**AIM OF THE EXERCISE:** When you repeat the material, keep each line exact and omit the pictures.

**RECORDED INFORMATION:**
☆ ☆ ☆ ☆

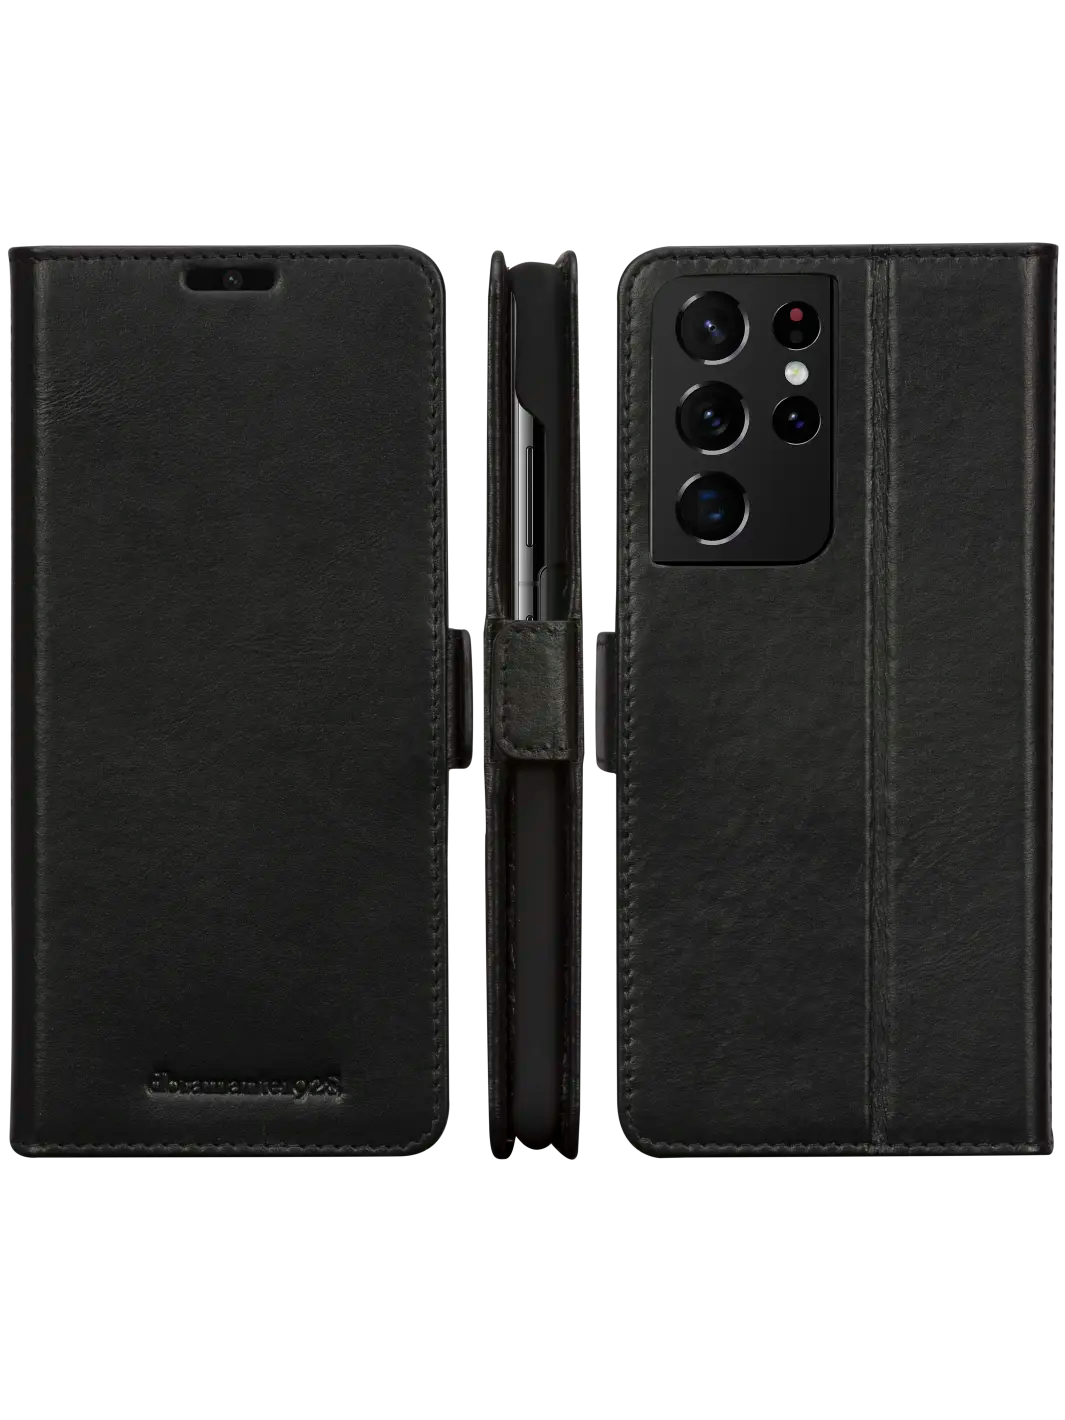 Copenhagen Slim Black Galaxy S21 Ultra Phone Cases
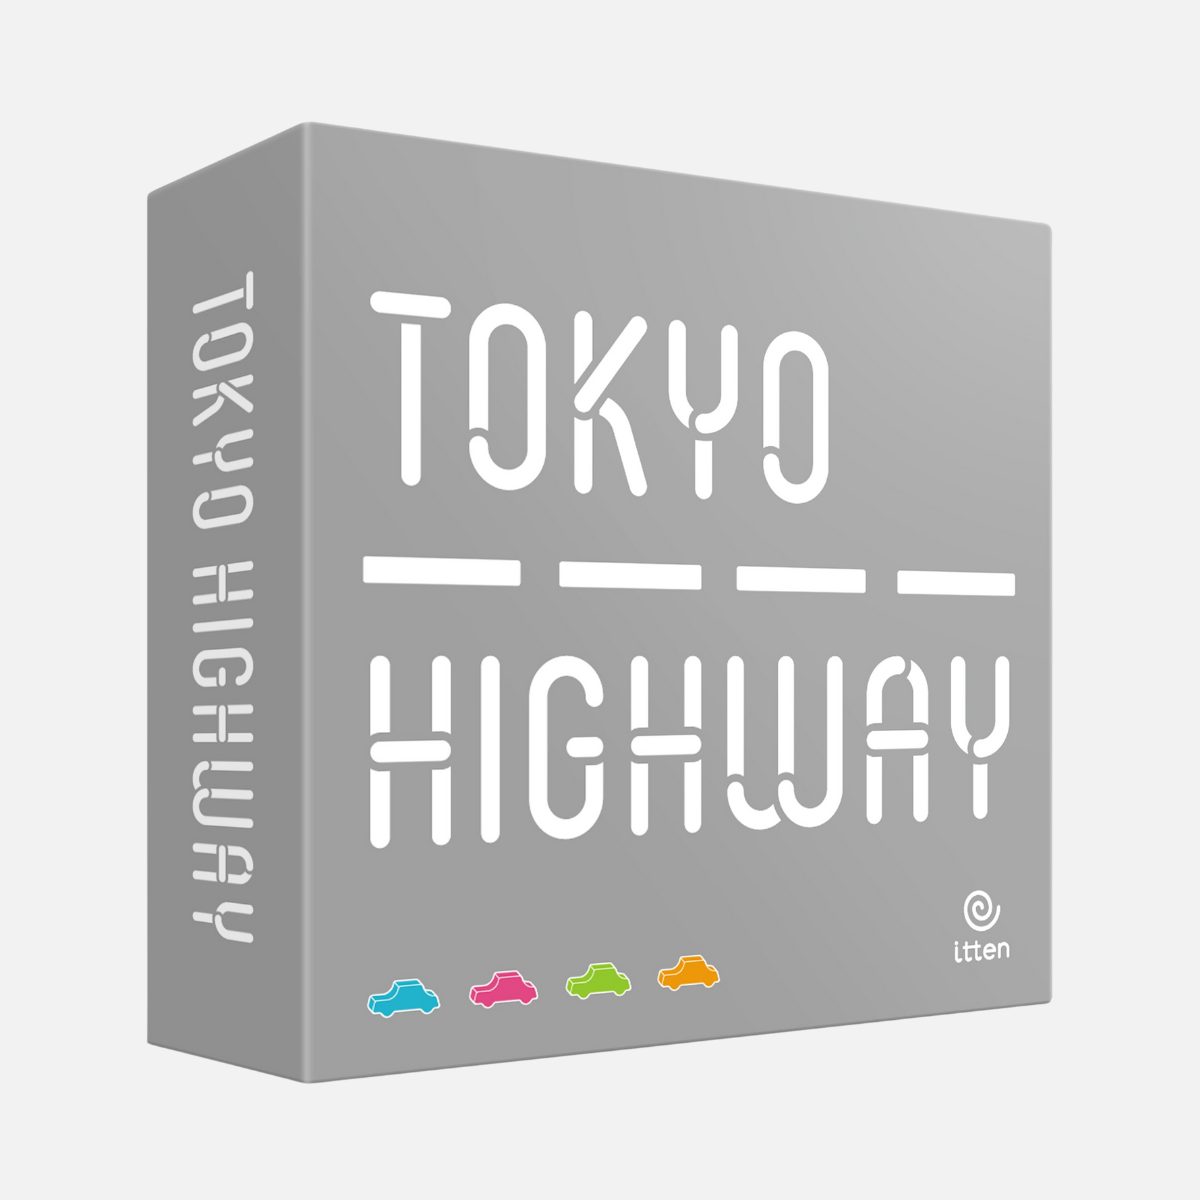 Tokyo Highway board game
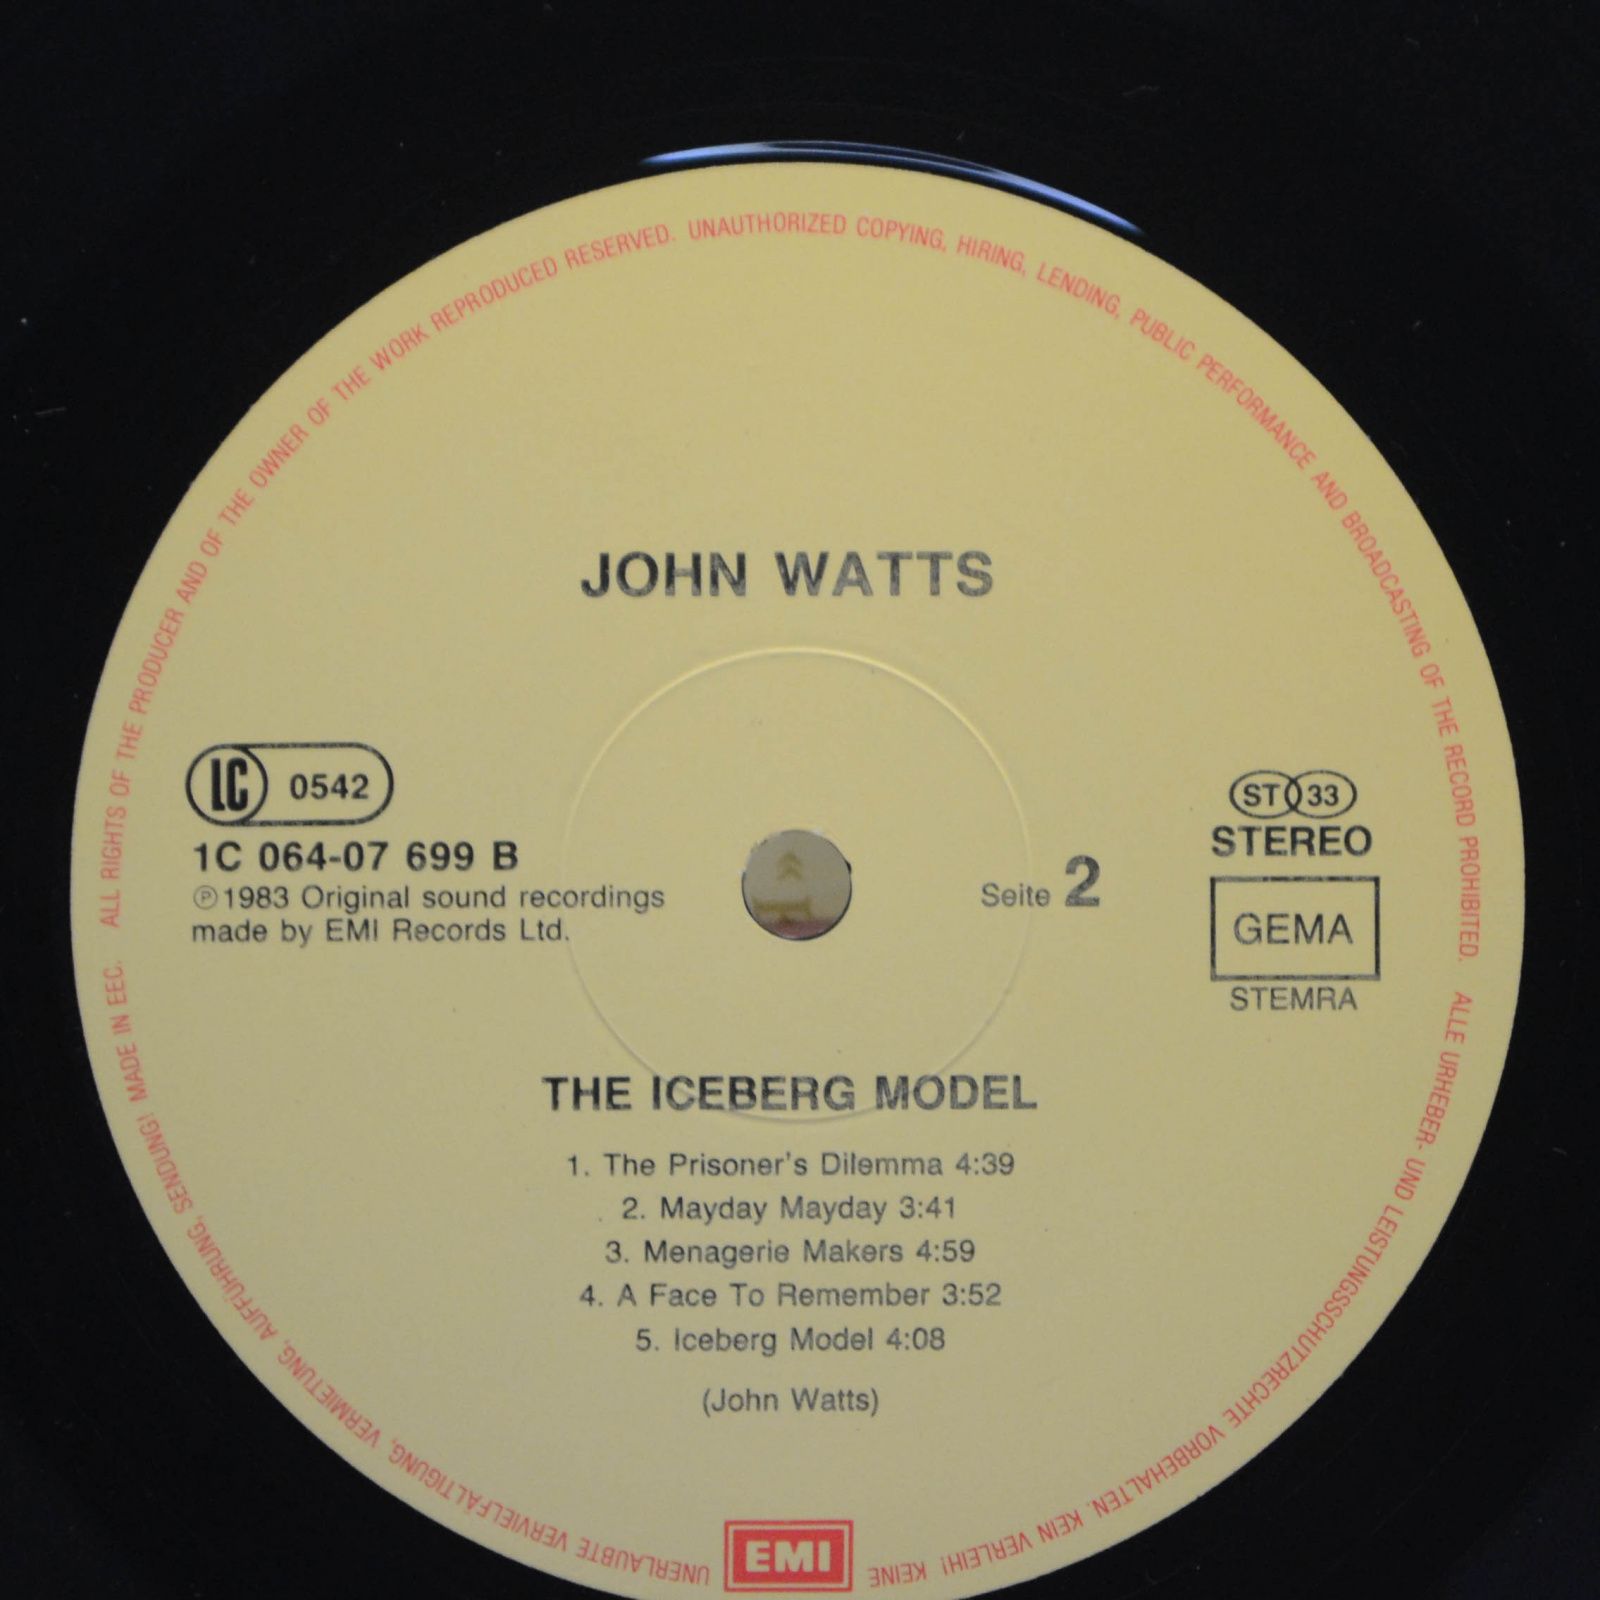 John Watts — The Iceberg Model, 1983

☆ ☆ ☆ ☆

**RESPONSE BELOW:**
 Copenhagen Slim Black Galaxy S21 Ultra Phone Cases
 Tokyo Highway board game
 John Watts — The Iceberg Model, 1983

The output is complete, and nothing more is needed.